Record excerpts -
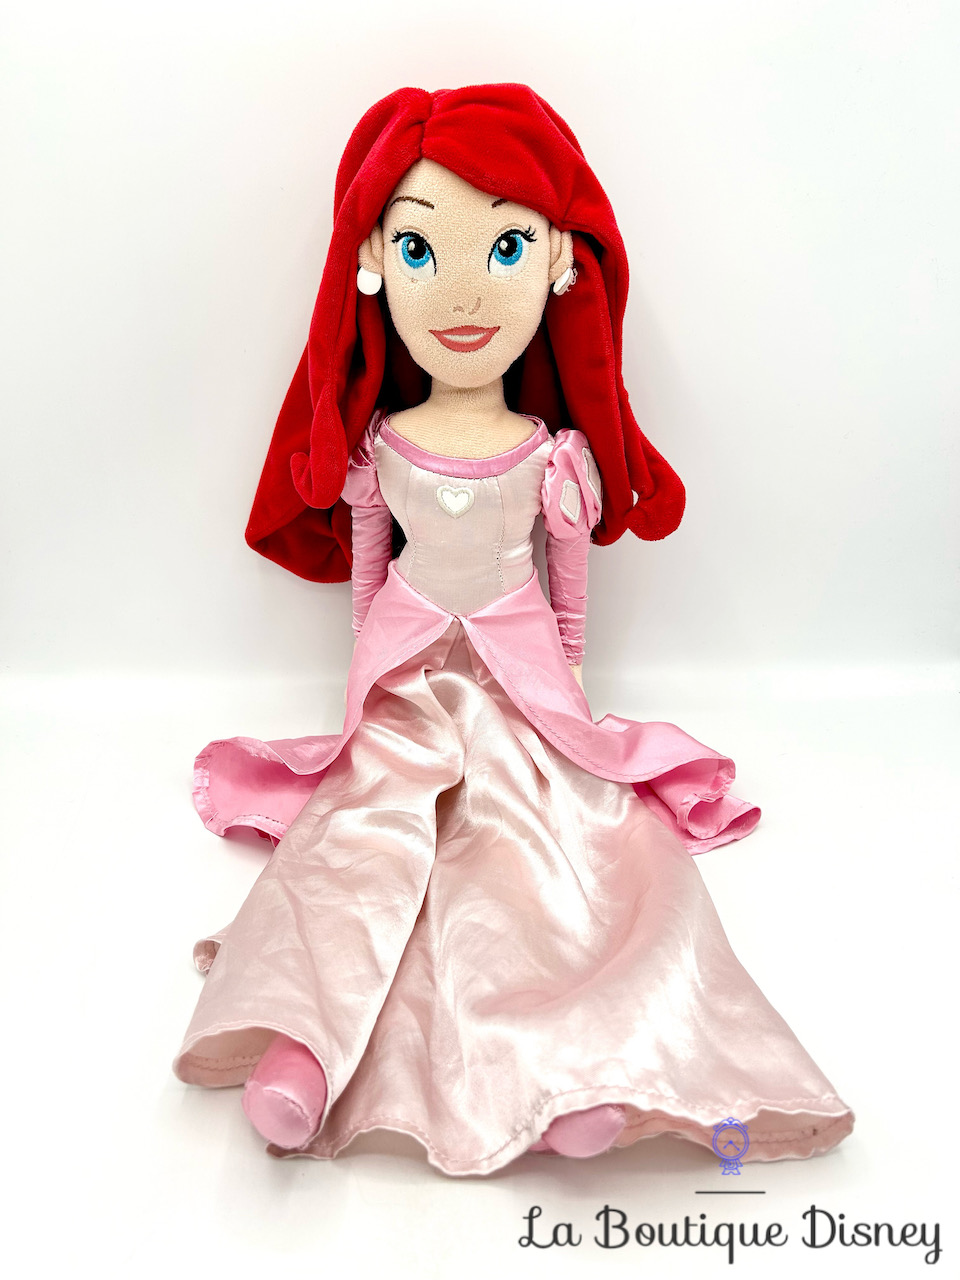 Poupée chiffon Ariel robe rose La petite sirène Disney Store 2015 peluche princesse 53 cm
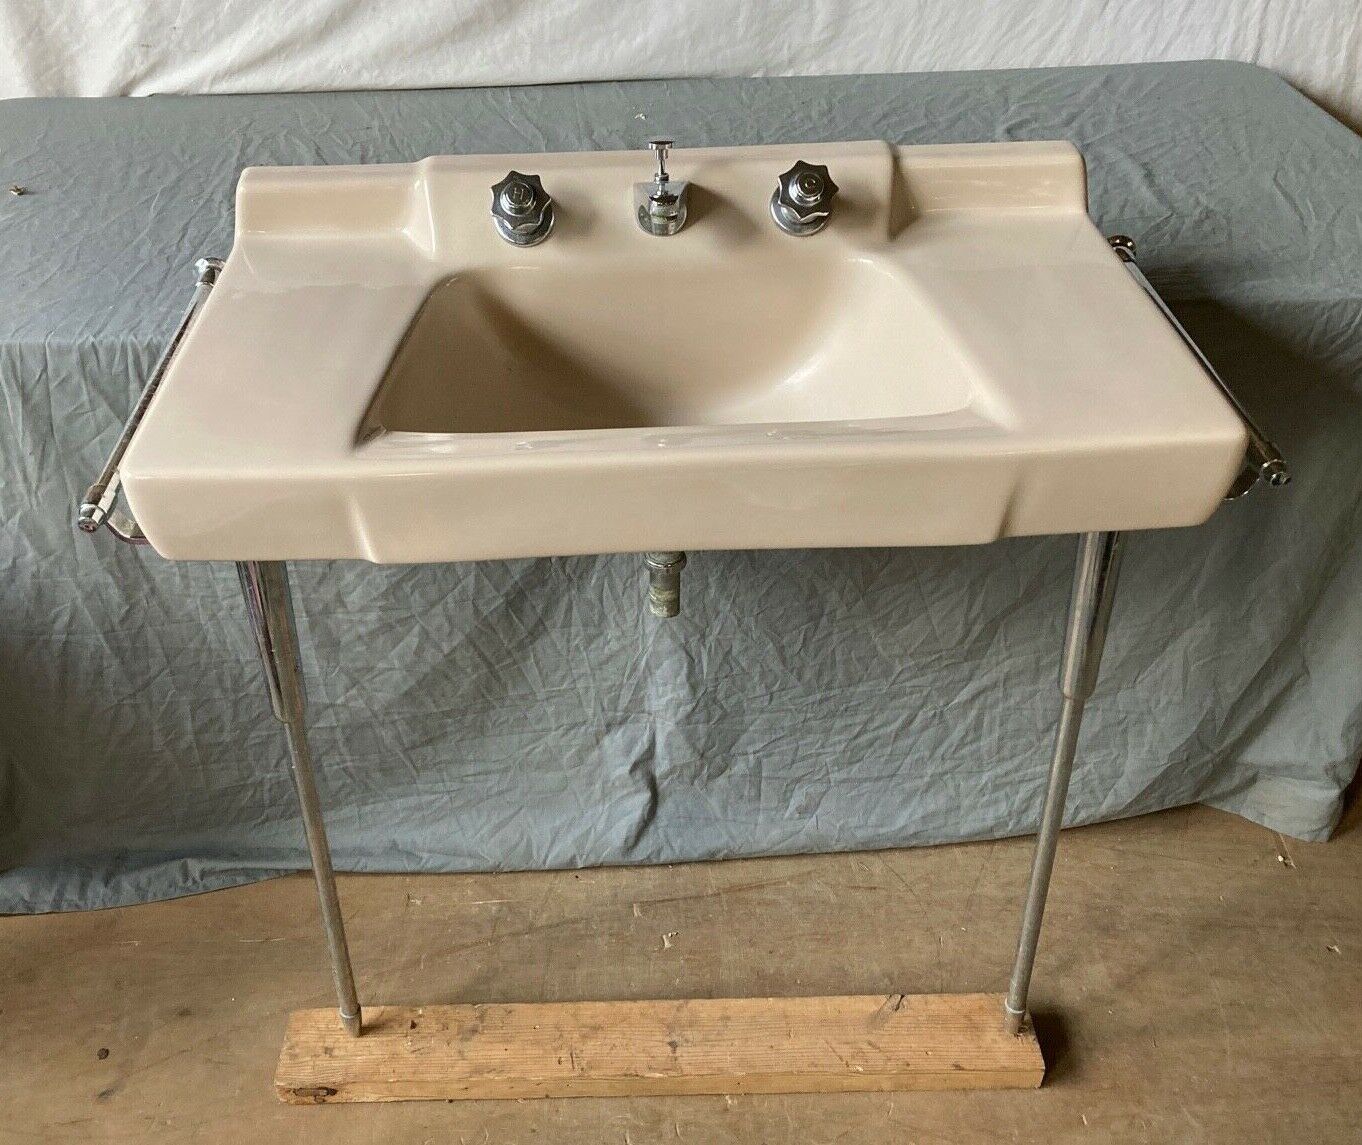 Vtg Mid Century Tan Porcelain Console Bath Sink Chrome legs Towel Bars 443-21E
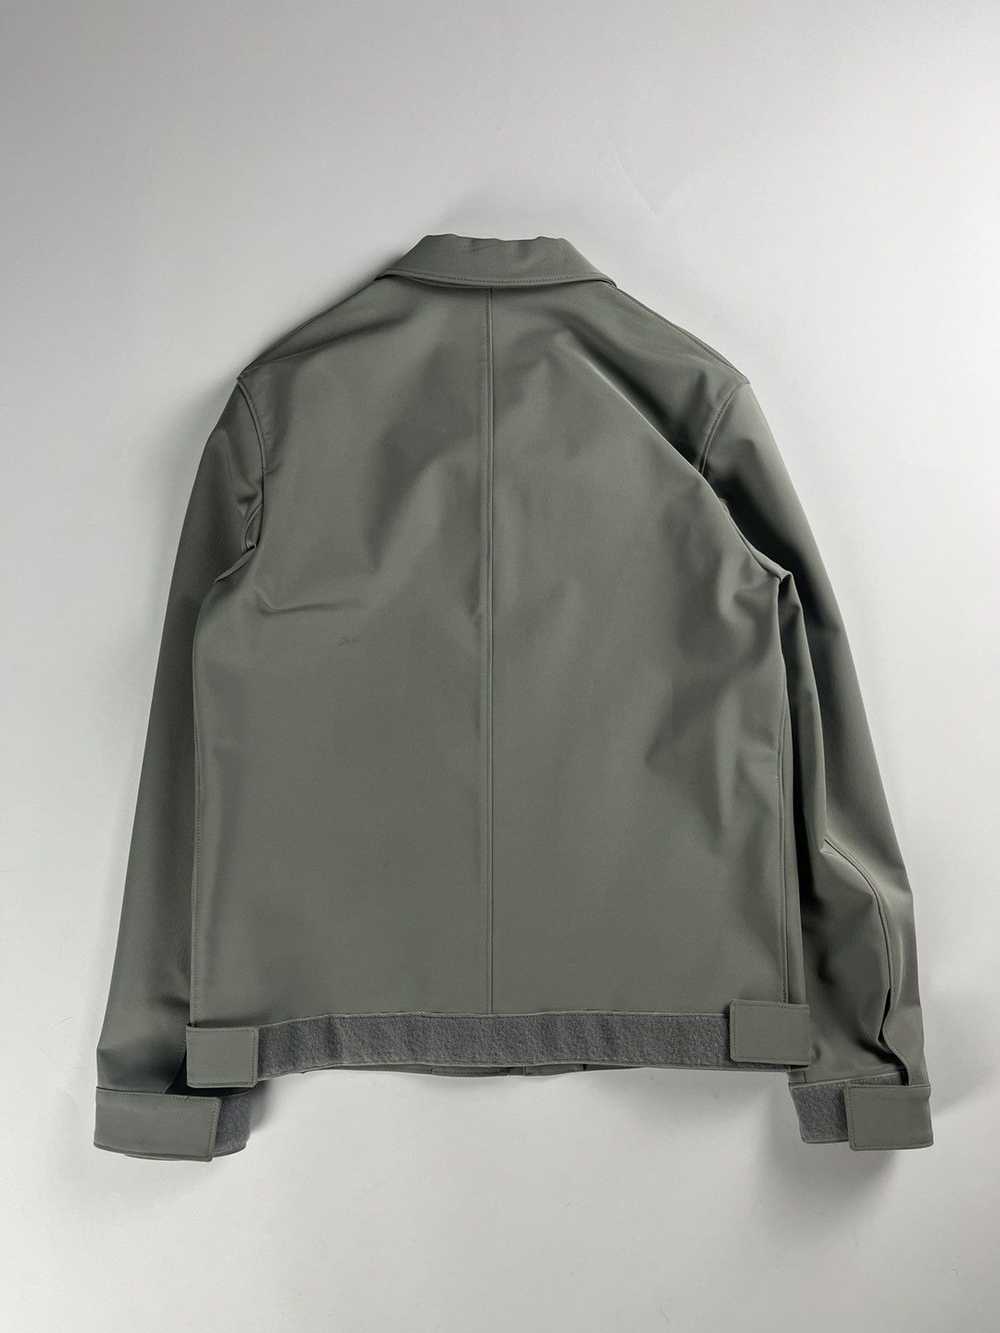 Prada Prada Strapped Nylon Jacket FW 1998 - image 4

--

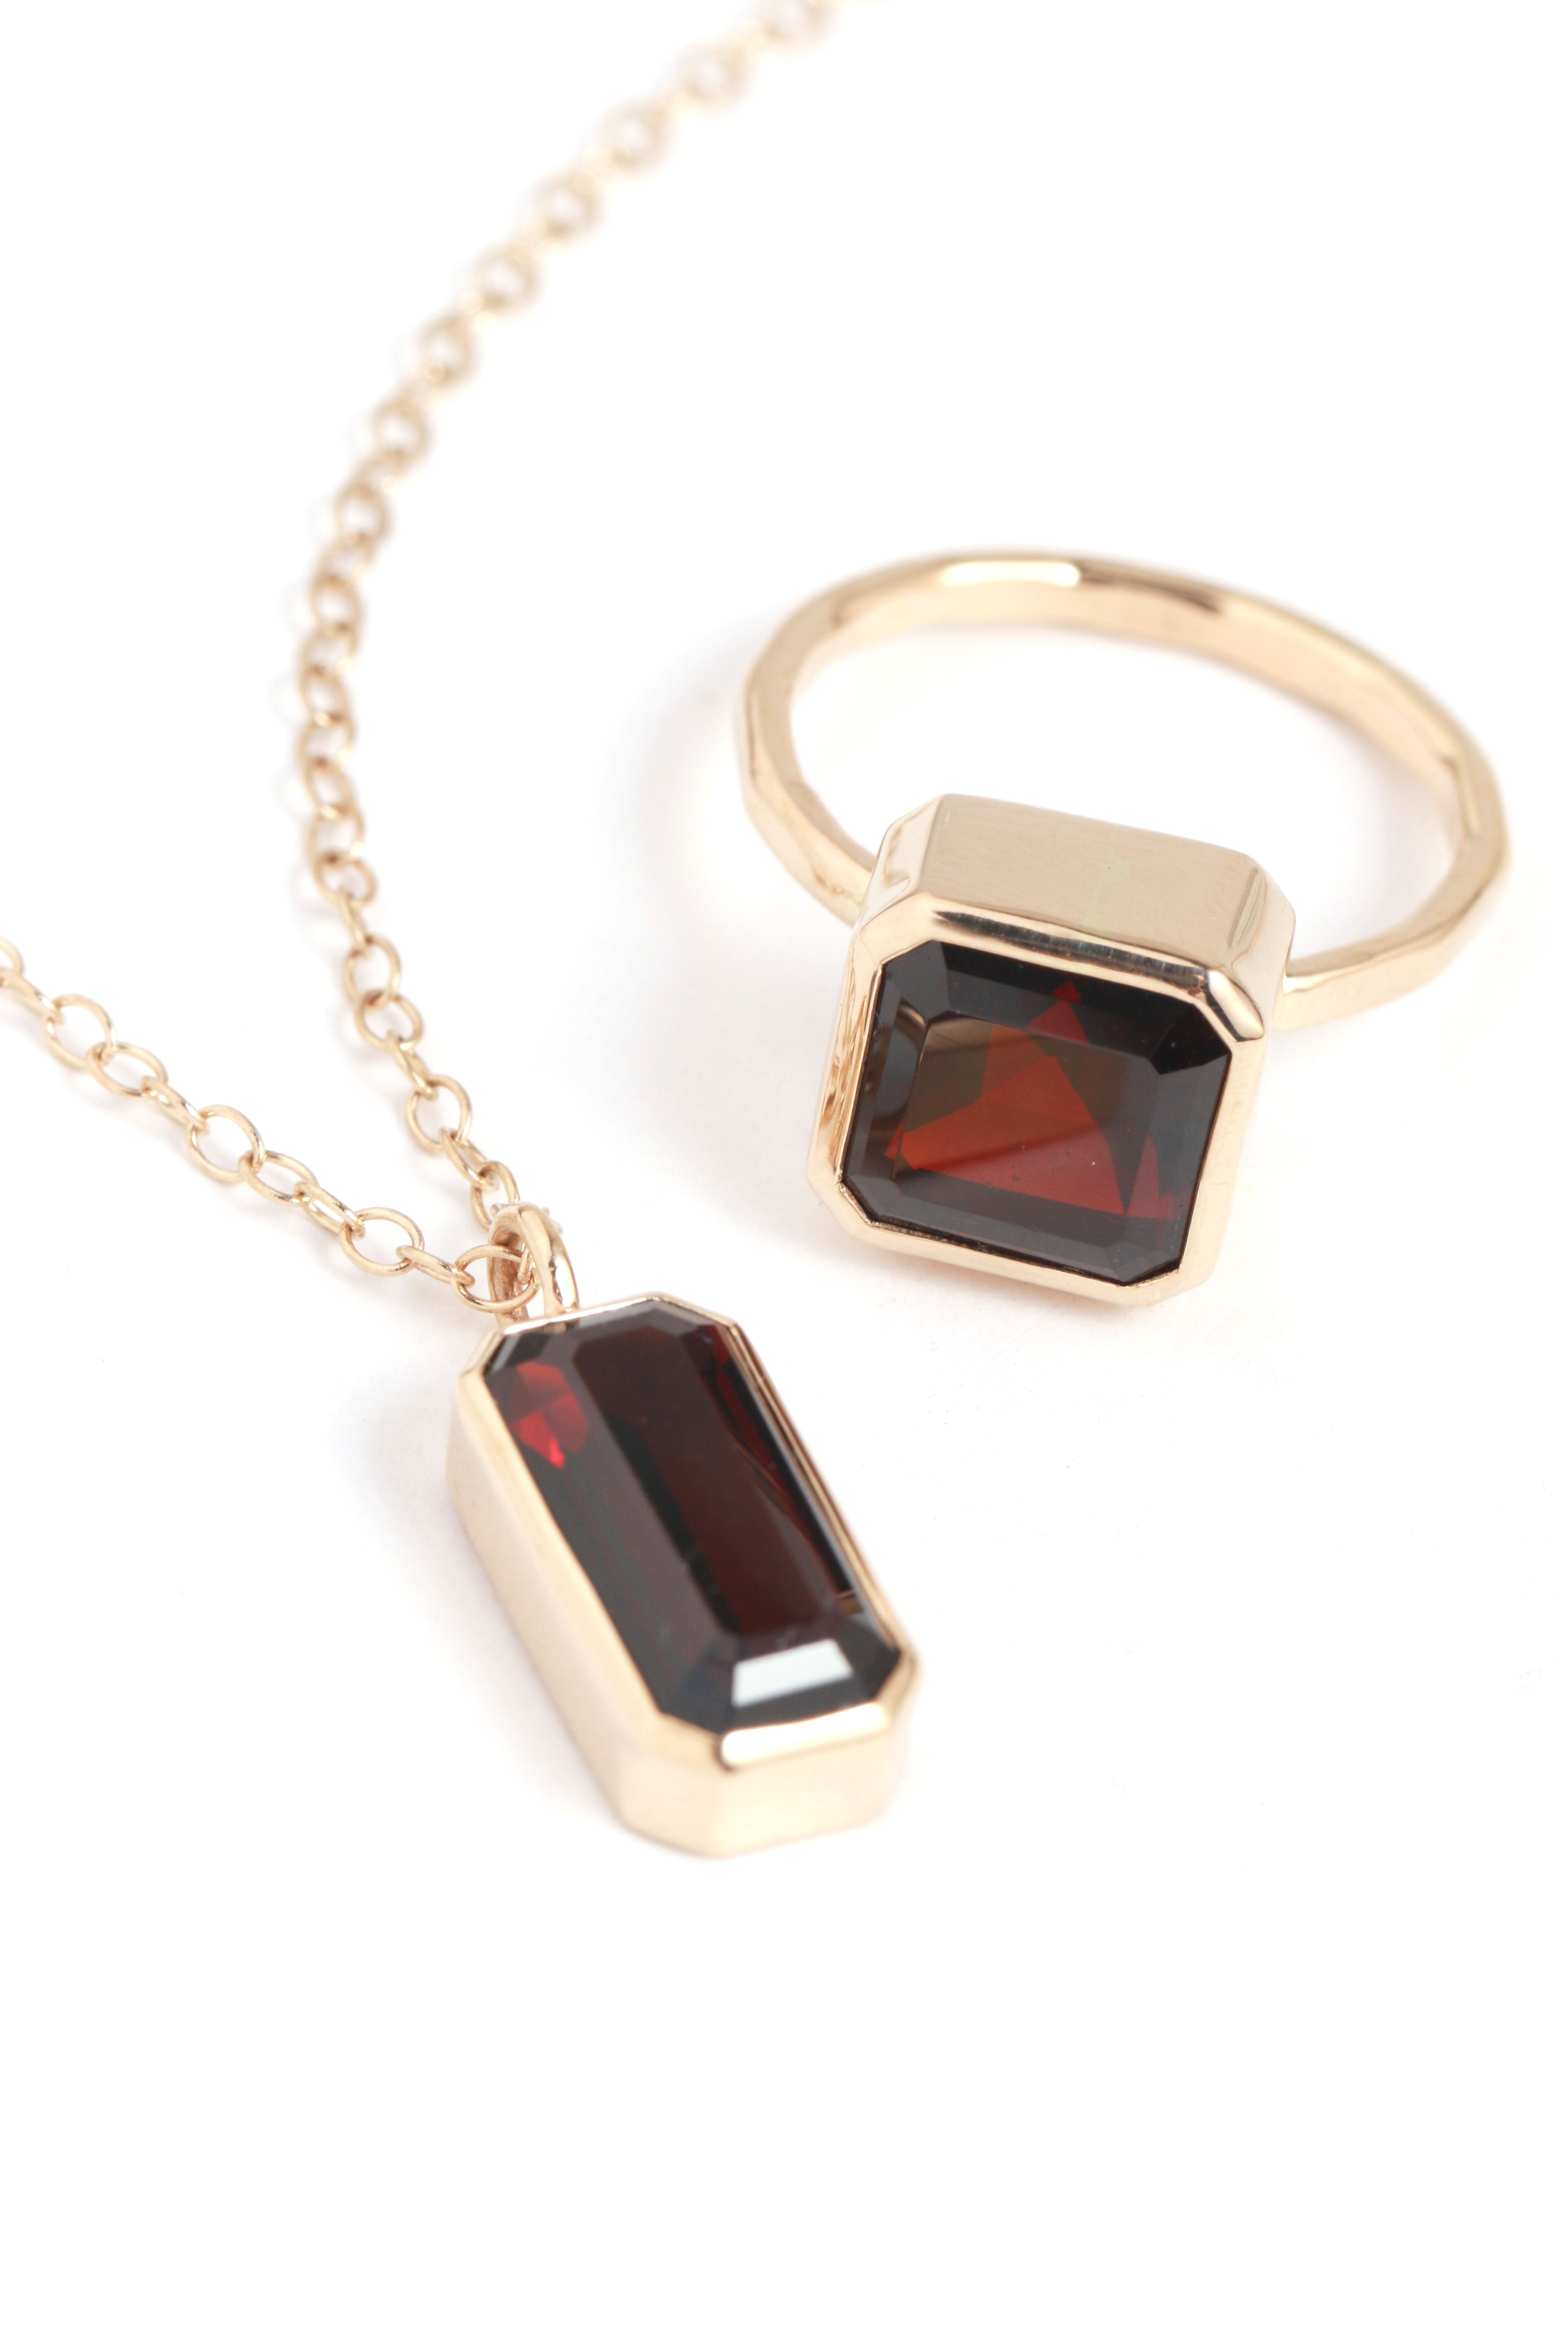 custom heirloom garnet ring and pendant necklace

* * *

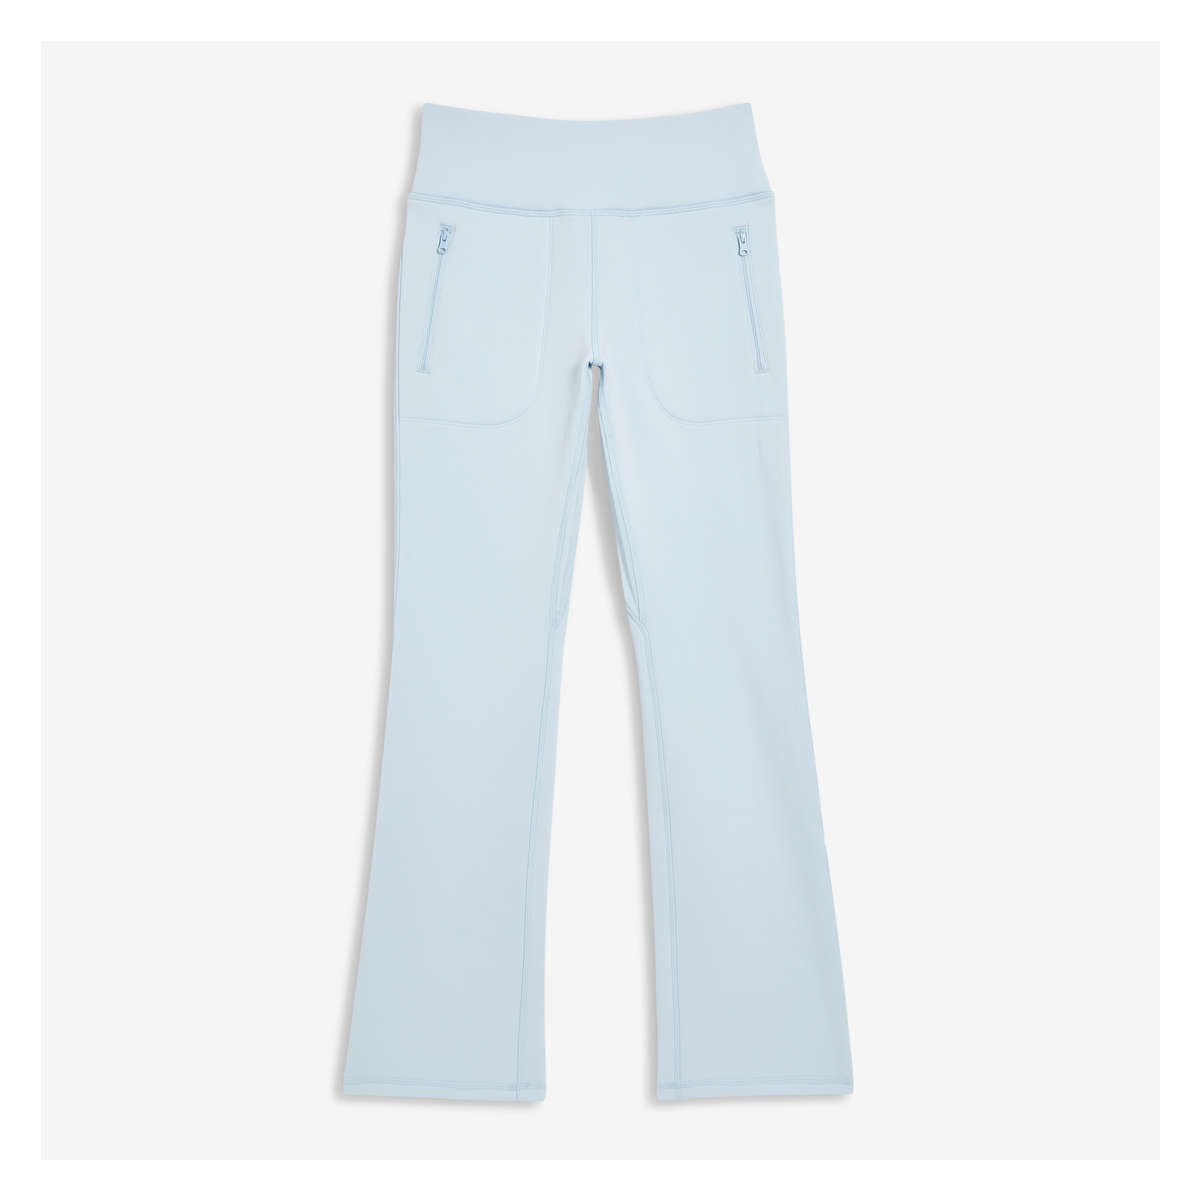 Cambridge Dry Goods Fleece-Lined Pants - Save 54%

What needs to be done -
With the pictures omitted, restate word for word the lines above from the line that has "Poupée chiffon Ariel" up to and including the line that has "Prada Prada Strapped", and no other lines.

Your response -
 Poupée chiffon Ariel robe rose La petite sirène Disney Store 2015 peluche princesse 53 cm
 Vtg Mid Century Tan Porcelain Console Bath Sink Chrome legs Towel Bars 443-21E
 Prada Prada Strapped Nylon Jacket FW 1998 - image 4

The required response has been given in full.